[Intel-gfx] [PATCH 3/3] drm/i915/gt: Apply the CSB w/a for all

Fri Aug 14 19:41:32 UTC 2020

Quoting Mika Kuoppala (2020-08-14 19:41:14)
> Chris Wilson <chris at chris-wilson.co.uk> writes:
> 
> > Since we expect to inline the csb_parse() routines, the w/a for the
> > stale CSB data on Tigerlake will be pulled into process_csb(), and so we
> > might as well simply reuse the logic for all, and so will hopefully
> > avoid any strange behaviour on Icelake that was not covered by our
> > previous w/a.
> >
> > References: d8f505311717 ("drm/i915/icl: Forcibly evict stale csb entries")
> > Signed-off-by: Chris Wilson <chris at chris-wilson.co.uk>
> > Cc: Mika Kuoppala <mika.kuoppala at linux.intel.com>
> > Cc: Bruce Chang <yu.bruce.chang at intel.com>
> > ---
> >  drivers/gpu/drm/i915/gt/intel_lrc.c | 70 +++++++++++++++++------------
> >  1 file changed, 42 insertions(+), 28 deletions(-)
> >
> > diff --git a/drivers/gpu/drm/i915/gt/intel_lrc.c b/drivers/gpu/drm/i915/gt/intel_lrc.c
> > index 3b8161c6b601..c176a029f27b 100644
> > --- a/drivers/gpu/drm/i915/gt/intel_lrc.c
> > +++ b/drivers/gpu/drm/i915/gt/intel_lrc.c
> > @@ -2496,25 +2496,11 @@ invalidate_csb_entries(const u64 *first, const u64 *last)
> >   *     bits 47-57: sw context id of the lrc the GT switched away from
> >   *     bits 58-63: sw counter of the lrc the GT switched away from
> >   */
> > -static inline bool gen12_csb_parse(const u64 *csb)
> > +static inline bool gen12_csb_parse(const u64 csb)
> >  {
> > -     bool ctx_away_valid;
> > -     bool new_queue;
> > -     u64 entry;
> > -
> > -     /* XXX HSD */
> > -     entry = READ_ONCE(*csb);
> > -     if (unlikely(entry == -1)) {
> > -             preempt_disable();
> > -             if (wait_for_atomic_us((entry = READ_ONCE(*csb)) != -1, 50))
> 
> If we get this deep into desperation, should we start to apply more
> pressure. Ie, rmb instead of just instructing the compiler. And could also
> start to invalidate the entry which obviously if of no use.

I had a rmb() here; removing it did not appear to make any difference
whatsoever to the average delay.
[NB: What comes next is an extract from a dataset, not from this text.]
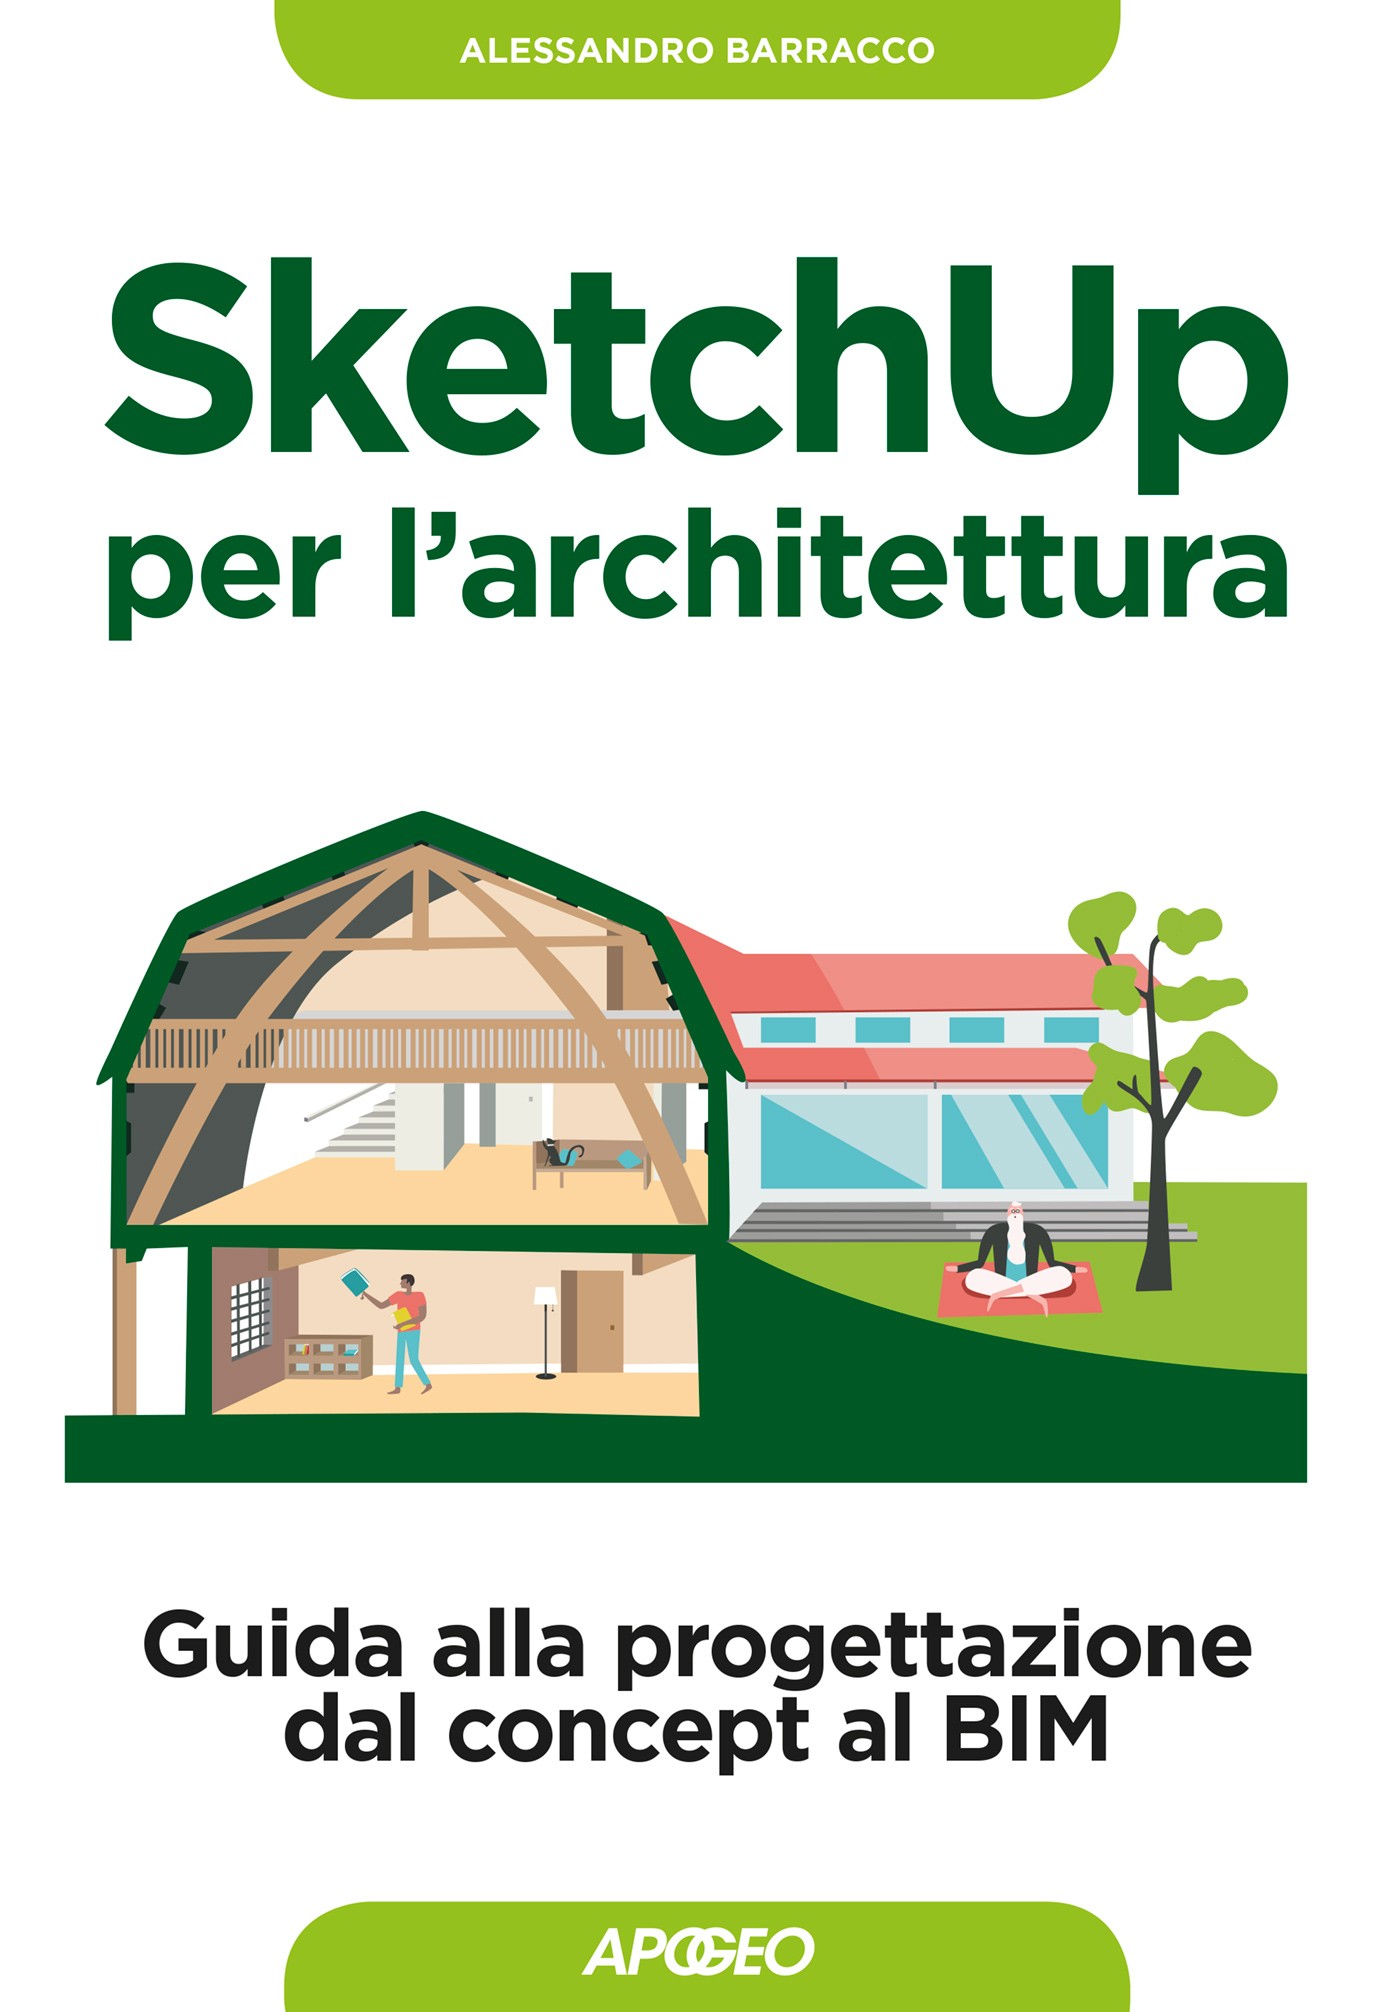 SketchUp per l'architettura - Librerie.coop
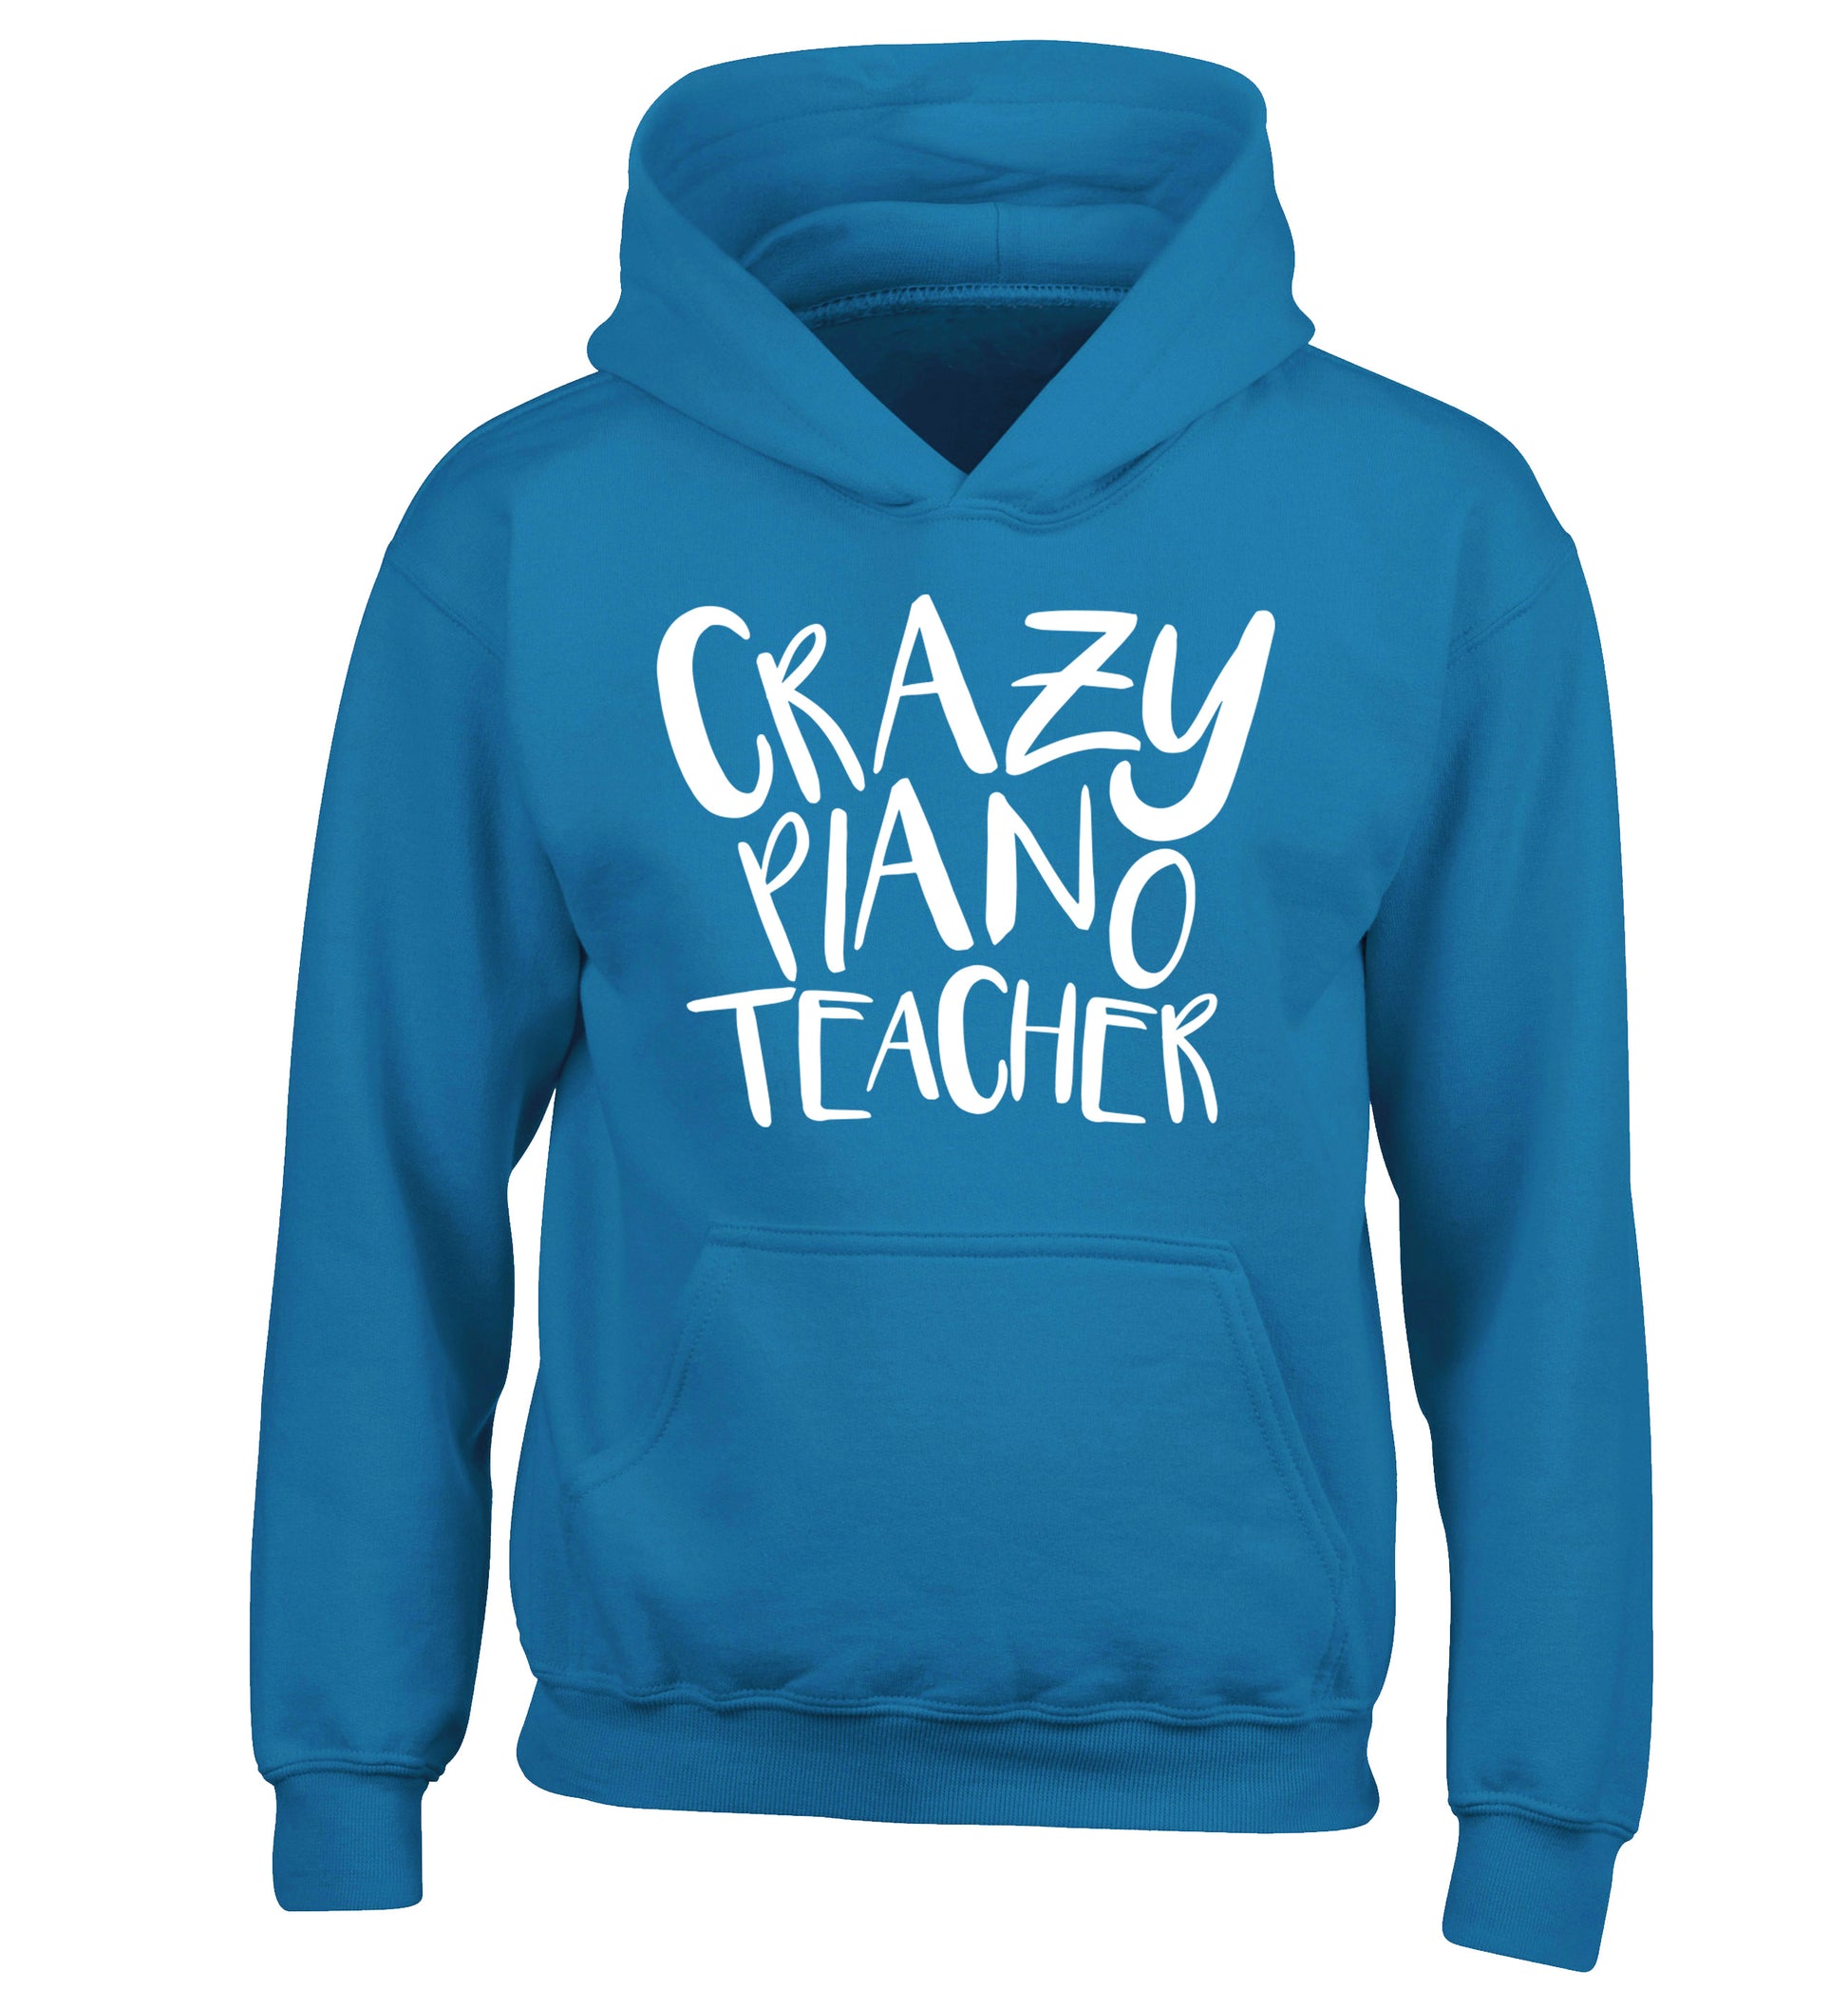 Crazy piano teacher children's blue hoodie 12-13 Years

The extreme case would be a full
mb(); clflush(); mb() read. I haven't timed the average for that....

> It could even be that the invalidate pays out as the correct value
> bubbles throught hierarchy faster?

I had the same thought... But atm my feeling is the issue is not on the
CPU side (or at least controllable from our code on the CPU).
-Chris